PyTorch 的矩阵操作

注意：

1. 无论是torch.f()还是tensor.f()，都是返回新的Tensor，不会修改原始的tensor

单个tensor

初始化

• empty

  用于创建一个未初始化的张量，其值是随机的

  与torch.randn的区别在于，torch.randn是从正态分布中采样的

  torch.empty(*size, *, out=None, dtype=None, layout=torch.strided, device=None, requires_grad=False, pin_memory=False, memory_format=torch.contiguous_format) → Tensor
  
  torch.empty((2,3), dtype=torch.int64)
  tensor([[ 9.4064e+13,  2.8000e+01,  9.3493e+13],
          [ 7.5751e+18,  7.1428e+18,  7.5955e+18]])
  

• zeros

  torch.zeros(*size, *, out=None, dtype=None, layout=torch.strided, device=None, requires_grad=False)
  
  torch.zeros(2, 3)
  tensor([[ 0.,  0.,  0.],
          [ 0.,  0.,  0.]])
  

• randn

  \(out_i \sim \mathcal{N}(0, 1)\)，满足正态分布

  torch.randn(*size, *, generator=None, out=None, dtype=None, layout=torch.strided, device=None, requires_grad=False, pin_memory=False)
  
  torch.randn(2, 3)
  tensor([[ 1.5954,  2.8929, -1.0923],
          [ 1.1719, -0.4709, -0.1996]])
  

• randint

  生成制定范围[low, high) 和形状size的tensor

  torch.randint(low=0, high, size, \*, generator=None, out=None, dtype=None, layout=torch.strided, device=None, requires_grad=False) → Tensor
  
  torch.randint(3, 10, (2, 2))
  tensor([[4, 5],
          [6, 7]])
  

• arange

  和list(range())的原理相同

  torch.arange(start=0, end, step=1, *, out=None, dtype=None, layout=torch.strided, device=None, requires_grad=False) → Tensor
  
  torch.arange(5)
  tensor([ 0,  1,  2,  3,  4])
  torch.arange(1, 4)
  tensor([ 1,  2,  3])
  torch.arange(1, 2.5, 0.5)
  tensor([ 1.0000,  1.5000,  2.0000])
  

• range(deprecated)

  类似于list(range())的用法,但是，torch.range的返回的最后一个元素是可以为end的

  torch.range(start=0, end, step=1, *, out=None, dtype=None, layout=torch.strided, device=None, requires_grad=False)
  
  # 0.5 指的是每步的大小
  torch.range(1, 4, 0.5)
  tensor([ 1.0000,  1.5000,  2.0000,  2.5000,  3.0000,  3.5000,  4.0000])
  

• linspace

  不同于torch.range，这里的step指的是有多少步，根据步数，计算每步的大小

  torch.linspace的第一个元素一定是start，最后一个元素一定是end

  torch.linspace(start, end, steps, *, out=None, dtype=None, layout=torch.strided, device=None, requires_grad=False)
  
  torch.linspace(start=-10, end=10, steps=5)
  tensor([-10.,  -5.,   0.,   5.,  10.])
  torch.linspace(start=-10, end=10, steps=1)
  tensor([-10.]
  

• eye

  返回对角线矩阵

  torch.eye(n, m=None, *, out=None, dtype=None, layout=torch.strided, device=None, requires_grad=False) → Tensor
  
  torch.eye(3)
  tensor([[ 1.,  0.,  0.],
          [ 0.,  1.,  0.],
          [ 0.,  0.,  1.]])
  

• full

  把一个数字扩展到指定的形状上，是ones zeros的一般化

  torch.full((2,3), 0.0) = torch.zeros((2,3))

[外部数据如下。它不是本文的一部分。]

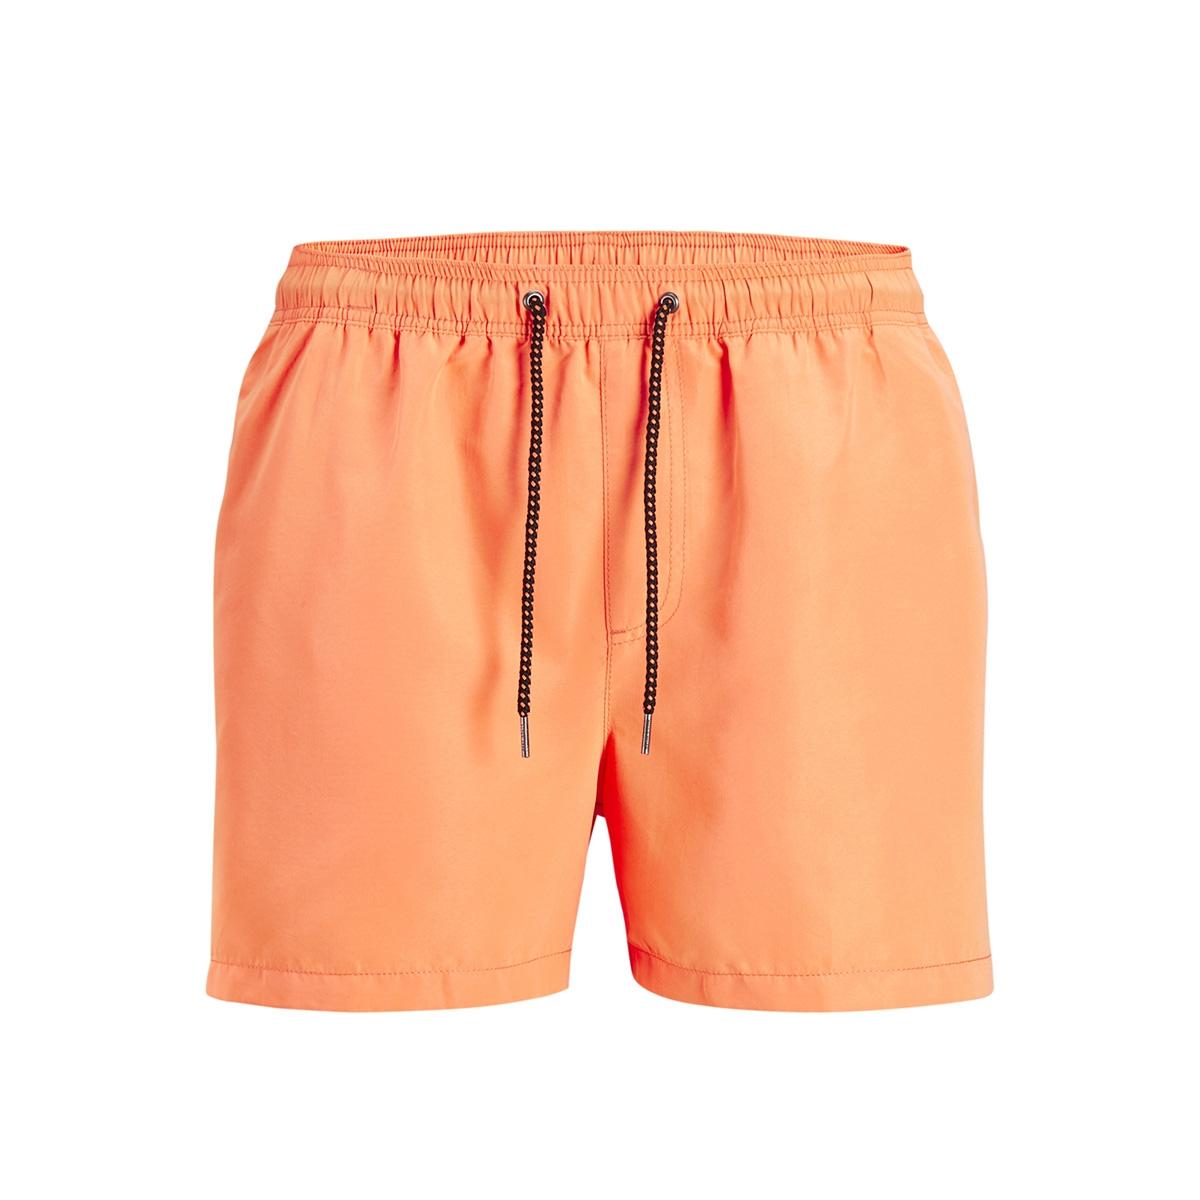 jjisunset swim shorts akm noos 12133191 jack & jones sport short nectarine

  torch.full((2,3), 1.0) = torch.ones((2,3))

  torch.full(size, fill_value, *, out=None, dtype=None, layout=torch.strided, device=None, requires_grad=False) → Tensor
  
  torch.full((2, 3), 3.141592)
  tensor([[ 3.1416,  3.1416,  3.1416],
          [ 3.1416,  3.1416,  3.1416]])
  

• zeros_like

  返回于input tensor形状相同的元素全是0的tensor

  torch.zeros_like(input, *, dtype=None, layout=None, device=None, requires_grad=False, memory_format=torch.preserve_format) → Tensor
  
  input = torch.empty(2, 3)
  torch.zeros_like(input)
  tensor([[ 0.,  0.,  0.],
          [ 0.,  0.,  0.]])
  

改变形状

• premute

  改变维度的顺序

  torch.permute(input, dims) -> Tensor
  
  x = torch.randn(2, 3, 5)
  x.size()
  torch.Size([2, 3, 5])
  torch.permute(x, (2, 0, 1)).size()
  torch.Size([5, 2, 3])
  

• reshape

  改变tensor的形状，但是元素的数量和值不改变

  torch.reshape(input, shape) → Tensor
  
  a = torch.arange(4.)
  torch.reshape(a, (2, 2))
  tensor([[ 0.,  1.],
          [ 2.,  3.]])
  b = torch.tensor([[0, 1], [2, 3]])
  torch.reshape(b, (-1,))
  tensor([ 0,  1,  2,  3])
  

• transpose

  将两个指定维度的位置进行替换

  torch.permute(x, (0,2,1)) = torch.transpose(x, 1, 2)

  torch.transpose(input, dim0, dim1) -> Tensor
  
  x = torch.randn(2, 3)
  tensor([[ 1.0028, -0.9893,  0.5809],
          [-0.1669,  0.7299,  0.4942]])
  torch.transpose(x, 0, 1)
  tensor([[ 1.0028, -0.1669],
          [-0.9893,  0.7299],
          [ 0.5809,  0.4942]])
  

• view

  tensor.view 创建的张量 tensor_view 是原始张量 tensor 的一个视图（view），而不是一个新的张量。因此，tensor_view 不会单独存储梯度信息。梯度信息会直接存储在原始张量 tensor 中。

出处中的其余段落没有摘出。